What the task requires: Return the listing below unchanged, but without pictures.

START Data segment

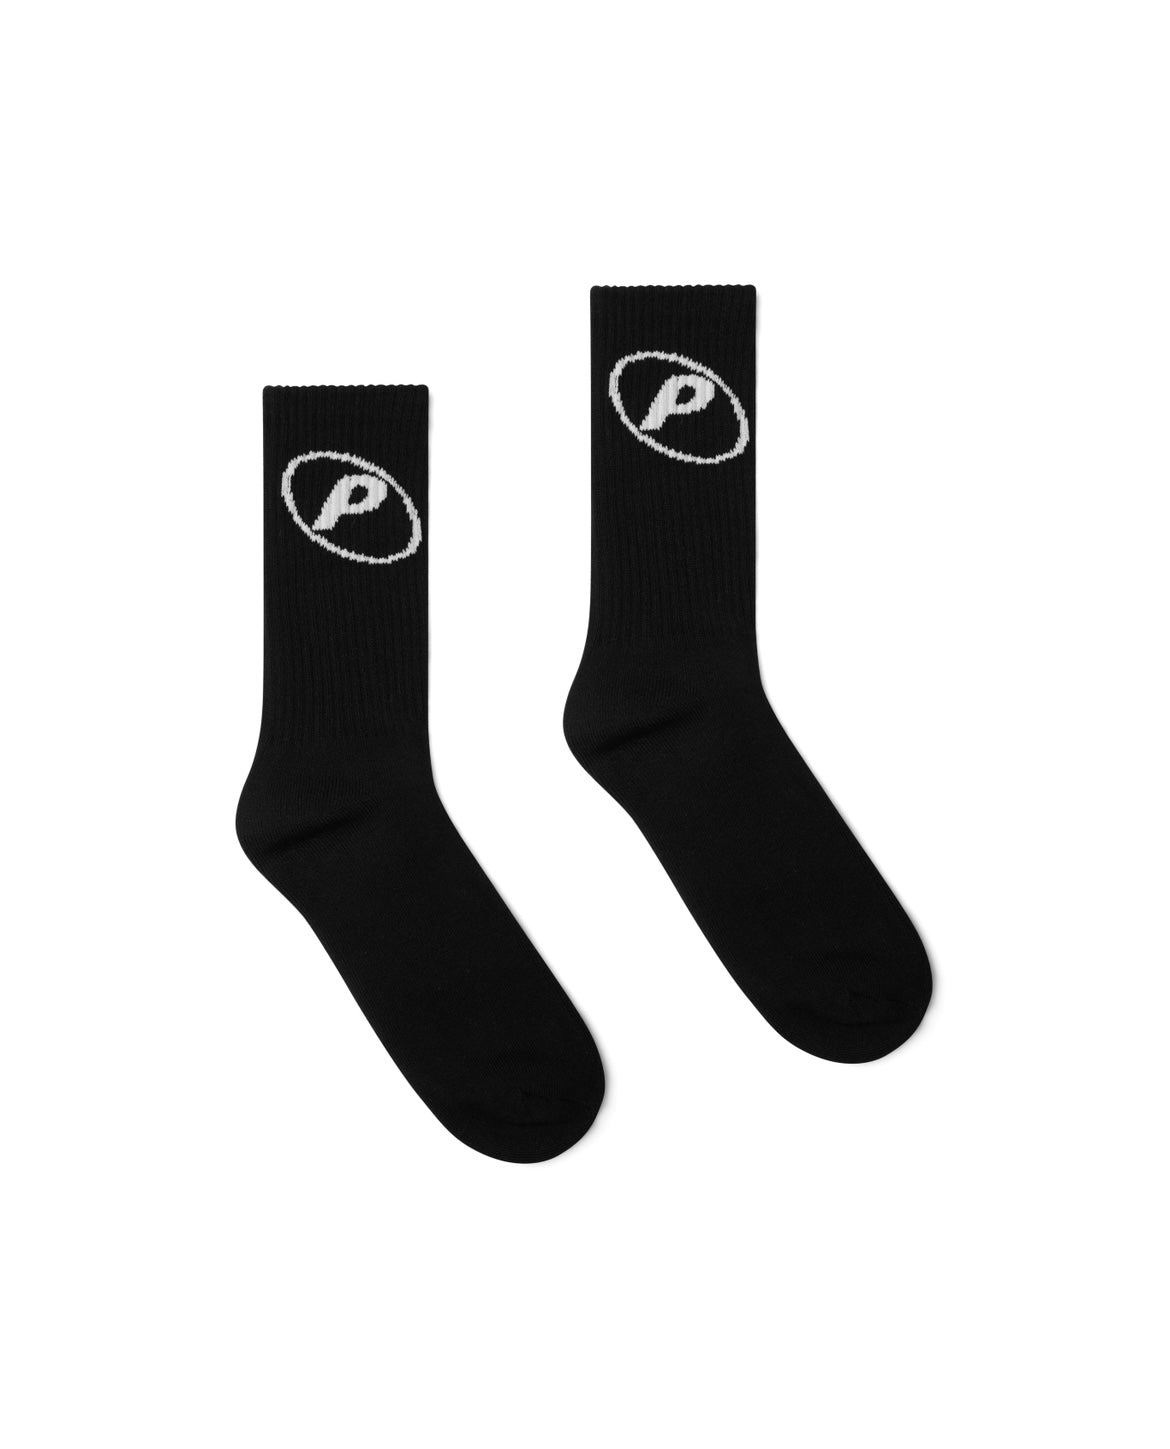 P Crew Socks (black)
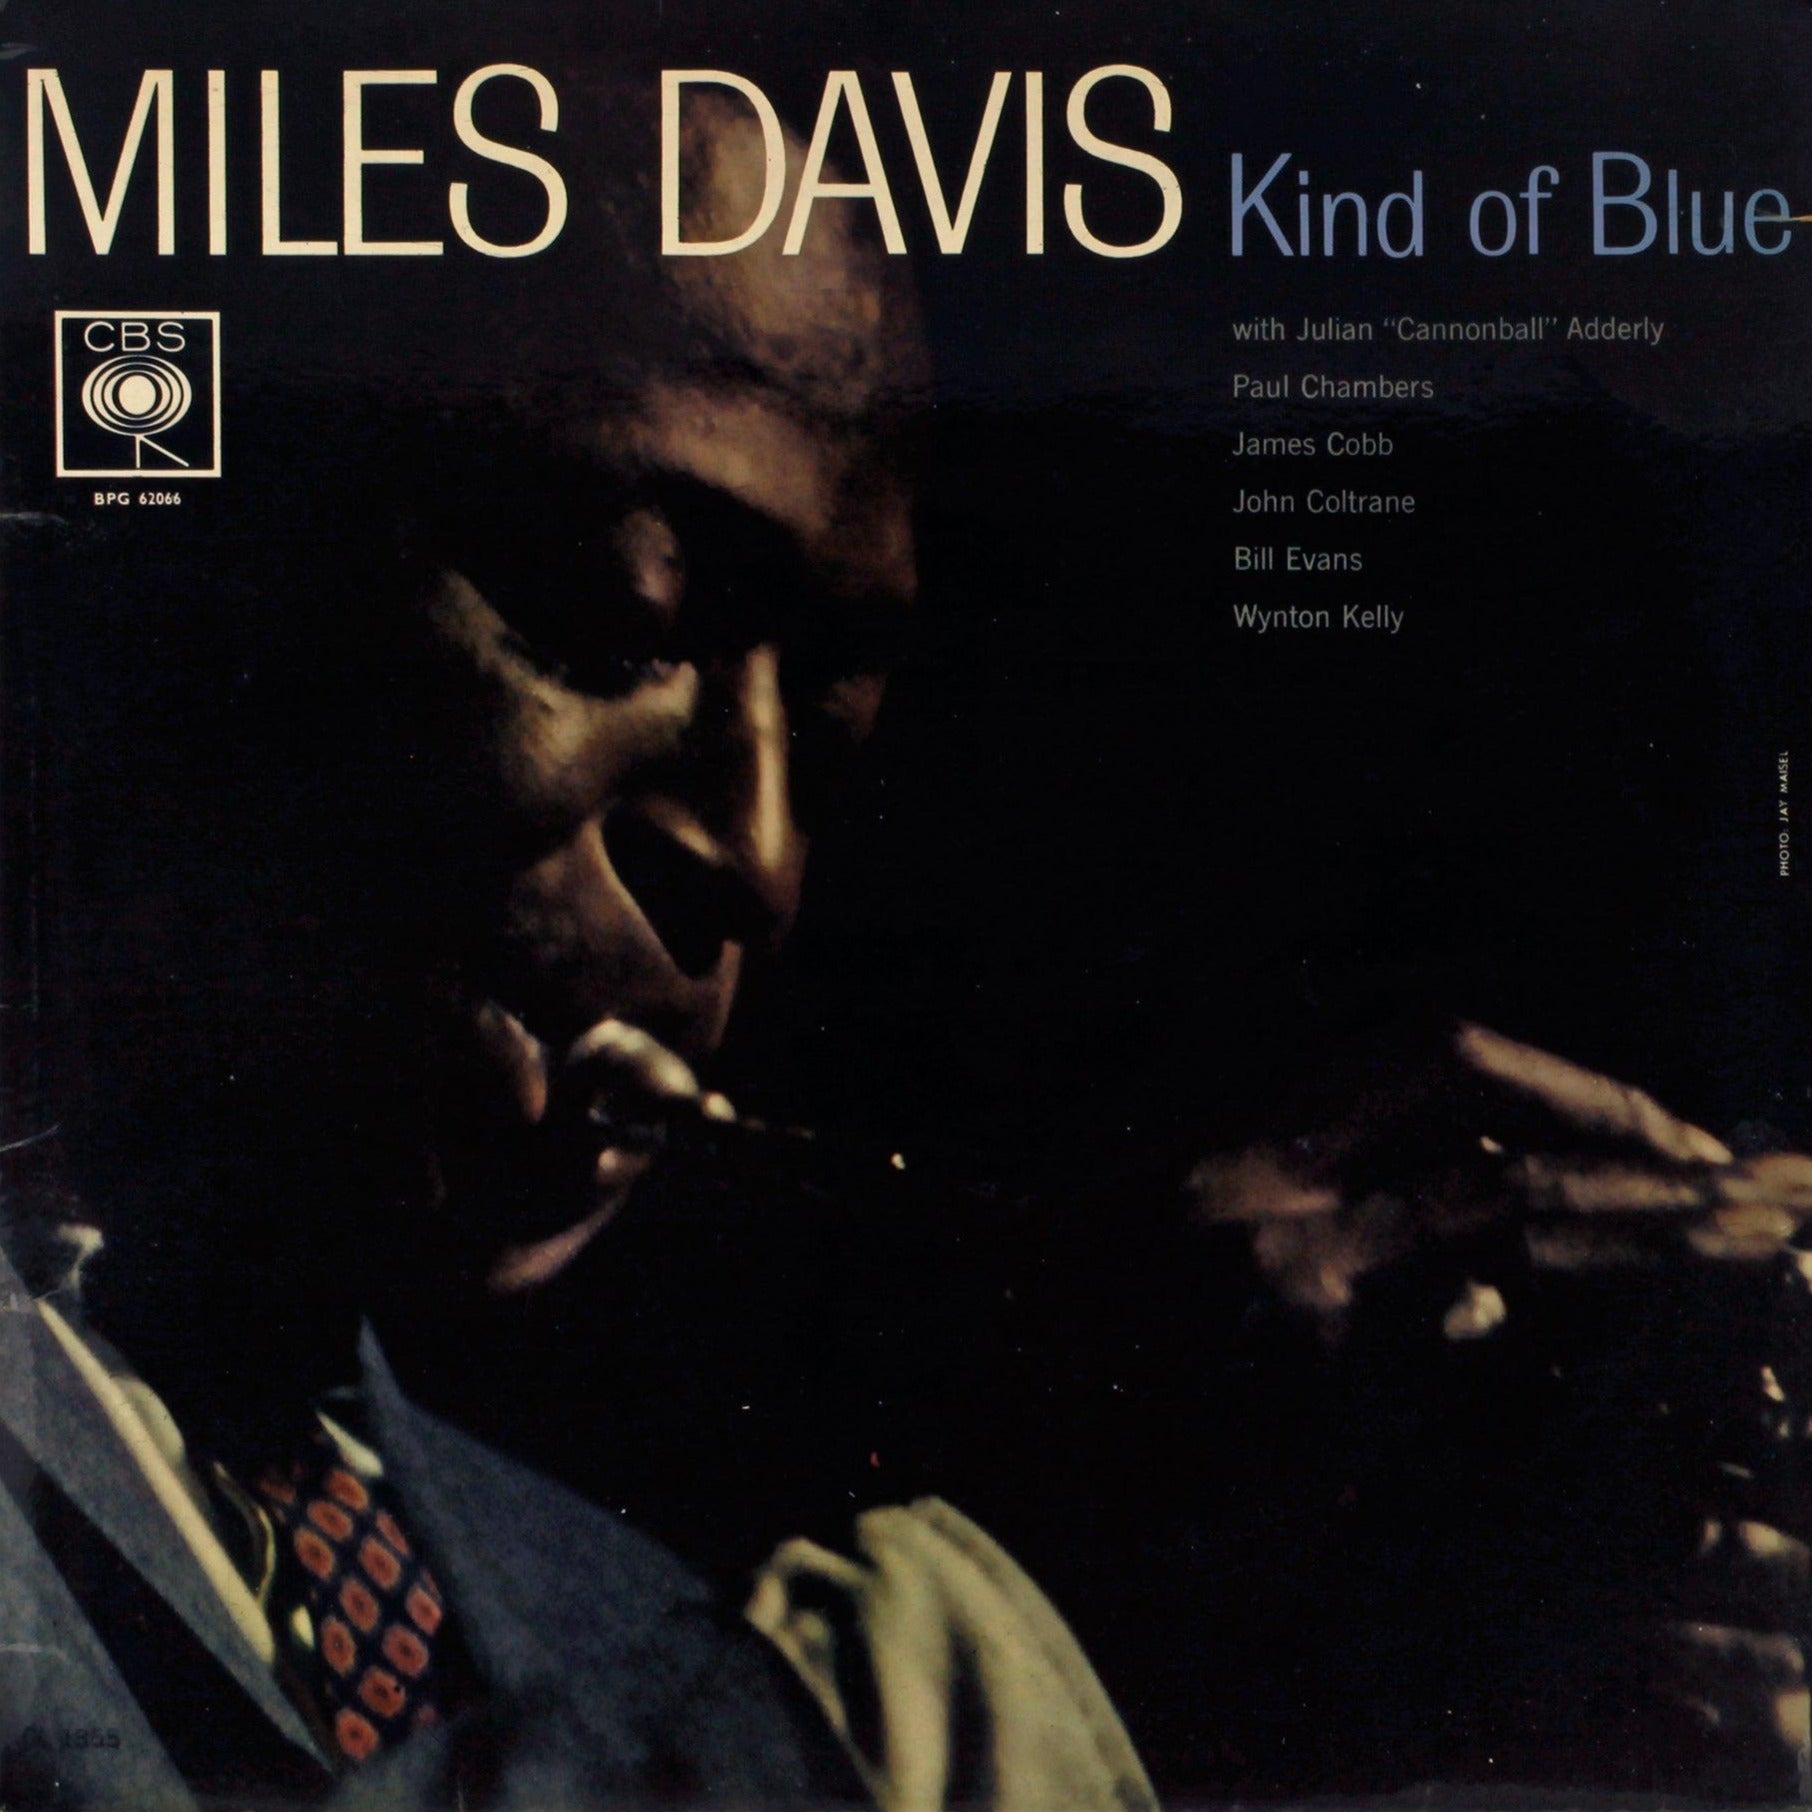 miles davis kind of blue jazz レコード
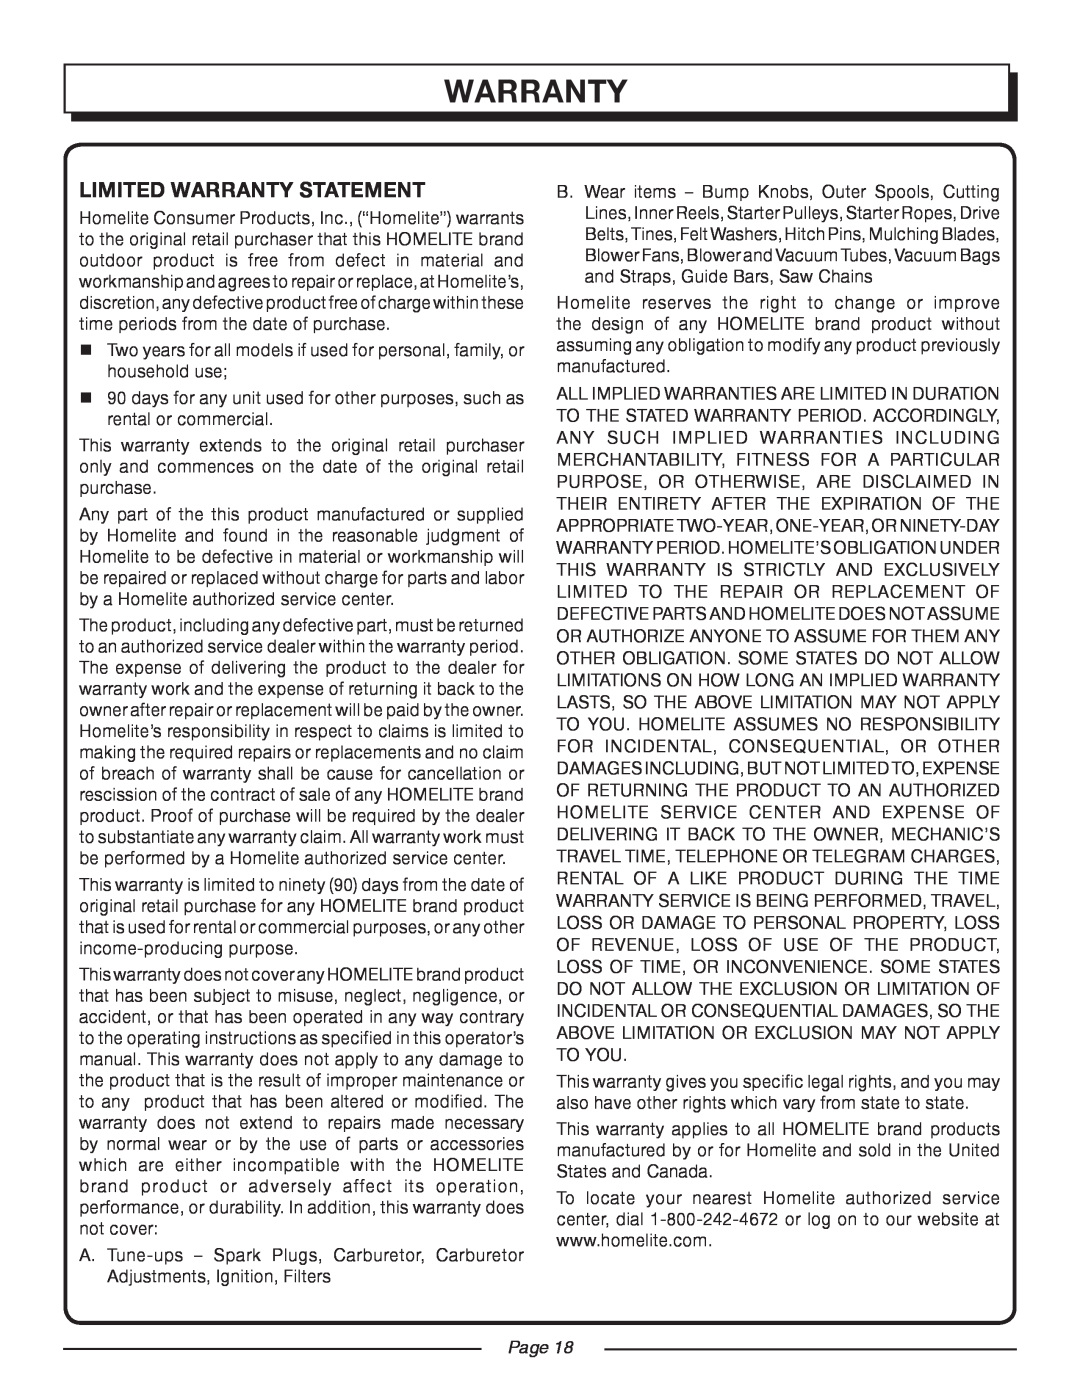 Homelite UT50500, UT50901 manual Limited Warranty Statement, Page

END Data segment

Written solution:
 P Crew Socks (black)
 miles davis kind of blue jazz レコード
 Homelite UT50500, UT50901 manual Limited Warranty Statement, Page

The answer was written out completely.